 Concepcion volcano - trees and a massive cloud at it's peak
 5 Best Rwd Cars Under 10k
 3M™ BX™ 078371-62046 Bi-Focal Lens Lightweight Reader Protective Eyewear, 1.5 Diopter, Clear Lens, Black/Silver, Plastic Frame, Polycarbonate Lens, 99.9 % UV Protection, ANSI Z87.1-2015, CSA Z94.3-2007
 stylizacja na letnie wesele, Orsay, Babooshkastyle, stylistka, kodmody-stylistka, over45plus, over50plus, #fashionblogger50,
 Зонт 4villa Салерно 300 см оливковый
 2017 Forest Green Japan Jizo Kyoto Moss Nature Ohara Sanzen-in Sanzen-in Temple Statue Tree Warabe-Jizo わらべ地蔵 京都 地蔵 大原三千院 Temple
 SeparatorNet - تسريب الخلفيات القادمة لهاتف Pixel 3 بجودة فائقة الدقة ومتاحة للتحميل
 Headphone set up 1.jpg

To do: Write out all of the entries above, exactly and in full.

Solved problem:
 Concepcion volcano - trees and a massive cloud at it's peak
 5 Best Rwd Cars Under 10k
 3M™ BX™ 078371-62046 Bi-Focal Lens Lightweight Reader Protective Eyewear, 1.5 Diopter, Clear Lens, Black/Silver, Plastic Frame, Polycarbonate Lens, 99.9 % UV Protection, ANSI Z87.1-2015, CSA Z94.3-2007
 stylizacja na letnie wesele, Orsay, Babooshkastyle, stylistka, kodmody-stylistka, over45plus, over50plus, #fashionblogger50,
 Зонт 4villa Салерно 300 см оливковый
 2017 Forest Green Japan Jizo Kyoto Moss Nature Ohara Sanzen-in Sanzen-in Temple Statue Tree Warabe-Jizo わらべ地蔵 京都 地蔵 大原三千院 Temple
 SeparatorNet - تسريب الخلفيات القادمة لهاتف Pixel 3 بجودة فائقة الدقة ومتاحة للتحميل
 Headphone set up 1.jpg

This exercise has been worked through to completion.